Menciona-se a OMS enquanto esta organização aconselha cada país a possuir uma estratégia nacional para a qualidade e segurança em saúde, que essa estratégia tenha em atenção a necessidade de tomada de medidas sustentáveis a longo prazo e que seja implementada, de forma sistemática, de acordo com as realidades regionais e locais (ibid.).

Citam-se ainda no Despacho os códigos deontológicos, na medida em que estes defendem a qualidade dos cuidados prestados e impõem aos profissionais de saúde uma permanente actualização da cultura científica e da preparação técnica, com vista a prestarem os melhores cuidados de saúde ao seu alcance, considerando que os cuidados de saúde são hoje prestados num contexto diversificado de interesses em conflito, perante uma mudança tecnológica permanente e sob um escrutínio público sem precedentes (ibid.).Considera-se que o nível de exigência dos utentes é cada vez maior, assim como a sua expectativa face a bons resultados terapêuticos (ibid.).

Prioridades estratégicas de actuação O trabalho do Departamento da Qualidade na Saúde (DQS) reveste-se assim da maior importância para a implementação de uma verdadeira cultura de qualidade e segurança no sector da saúde, adoptando as seguintes prioridades estratégicas de actuação (ibid. III):

1) Qualidade clínica e organizacional; 2) Informação transparente ao cidadão; 3) Segurança do doente; 4) Qualificação e acreditação nacional de unidades de saúde; 5) Gestão integrada da doença e inovação; 6) Gestão da mobilidade internacional de doentes; 7) Avaliação e orientação das reclamações e sugestões dos cidadãos utilizadores do Serviço Nacional da Saúde.
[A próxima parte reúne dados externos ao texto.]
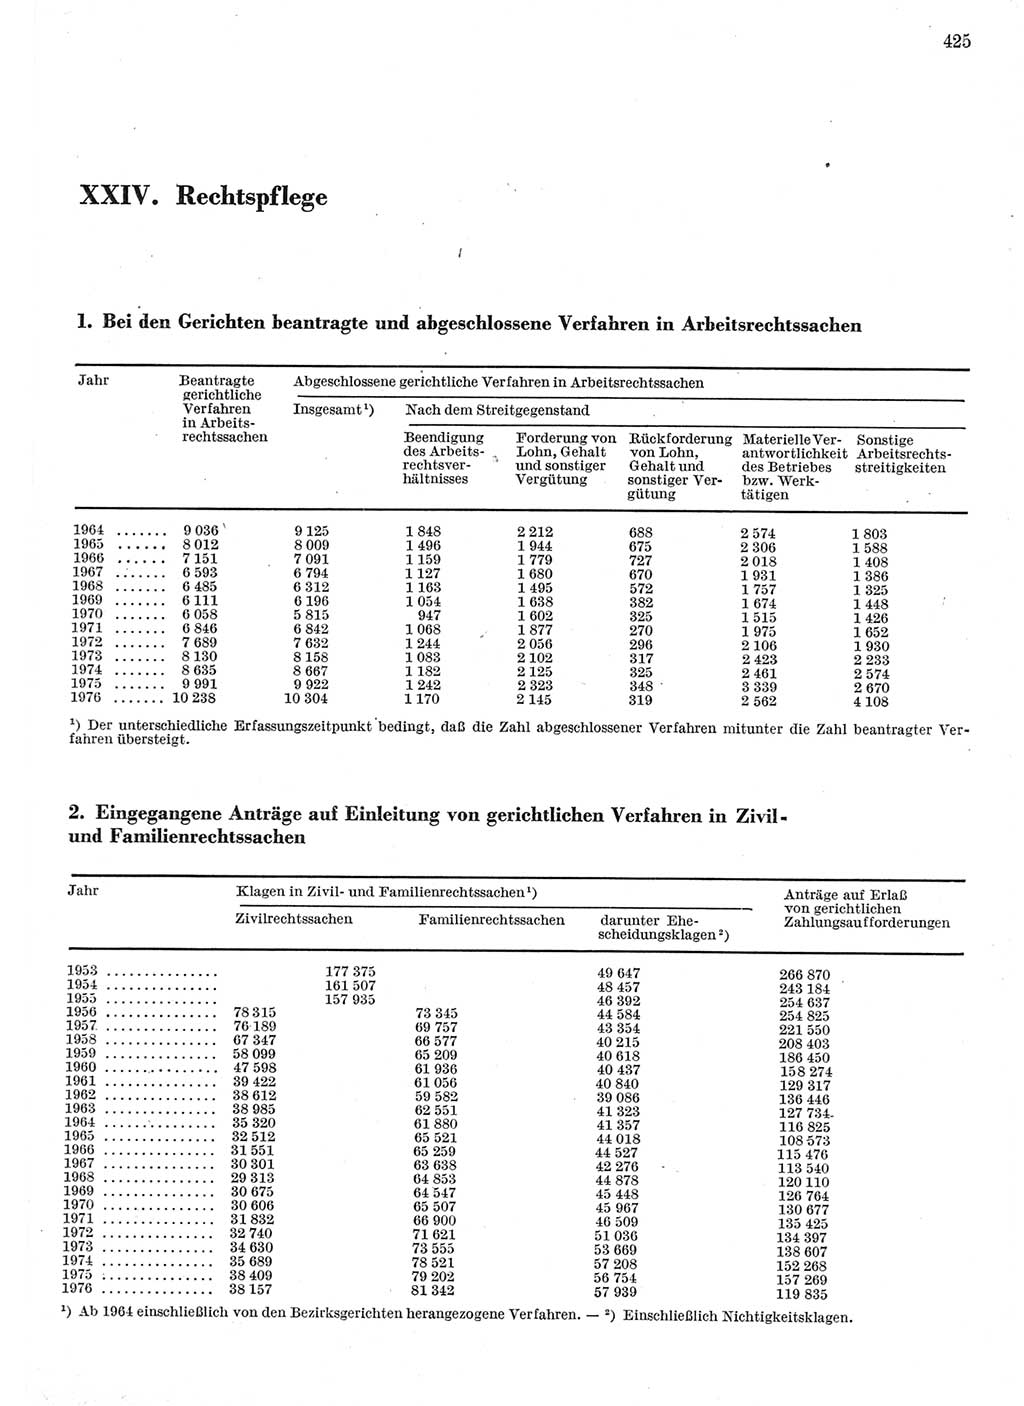 Statistisches Jahrbuch der Deutschen Demokratischen Republik (DDR) 1977, Seite 425 (Stat. Jb. DDR 1977, S. 425)

Para a implementação destas prioridades estratégicas, o DQS é apoiado cientificamente por um conselho consultivo (ibid.). Caberá assim ao DQS promover no nosso país uma nova dinâmica no conceito de cliente em saúde, uma melhor orientação e visão estratégia do cuidador, a definiçãode um modelo de acreditação único a nível nacional e a sua implementação voluntária pelas organizações, assim como a reflexão sobre a análise critica dos resultados, baseados nos objectivos, comportamentos, procedimentos e metodologias clínicas utilizadas. A evolução progressiva que acompanha esta estratégia reveste-se de um vasto conjunto de transformações, aliado a uma intrínseca inovação e empreendorismo em saúde.

Advertência final Portugal carece de sistemas de prevenção de erros nas unidades de saúde e para os construir beneficiará largamente se beber informação e know-how de países e organizações onde esta área está mais estudada e testada, tal como nos EUA, pelo que propomos às nossas entidades responsáveis estudar bem o que tem ou não funcionado noutros países com sistemas de gestão do risco em unidades de saúde mais enraizados na tomada de decisões estratégicas nesta área. De qualquer modo e apesar deste alerta, é de louvar a iniciativa de documentos como a Estratégia Nacional que aqui comentámos, pois o facto do Despacho ora analisado dar à DQS da Direcção-Geral da Saúde uma responsabilidade inequívoca na promoção de uma estratégia pública de qualidade, acreditação e melhoria da segurança nas unidades prestadoras de cuidados de saúde, é um factor optimista na realização do desígnio de dar aos cidadãos e aos profissionais de saúde maior confiança no acesso aos cuidados. Acresce dizer, como nota final, que a Estratégia Nacional para a Qualidade em Saúde será concretizável se à mesma for dada verdadeira prioridade, quer em recursos humanos quer financeiros, por parte do Estado.

Infelizmente, não é excepção em Portugal, delinearem-se no Diário da República estratégias conceptualmente perfeitas que depois vêm a ficar sem efeito devido a asfixia por carência de meios no terreno. A Saúde Pública tem padecido bastante deste sintoma, o que prejudica todos os cidadãos portugueses, pelo que esperamos que desta vez se possam prevenir milhares de mortes evitáveis nas unidades de saúde nacionais, bastando para tal apoiar com recursos e cumprir com rigor a estratégia ora apresentada.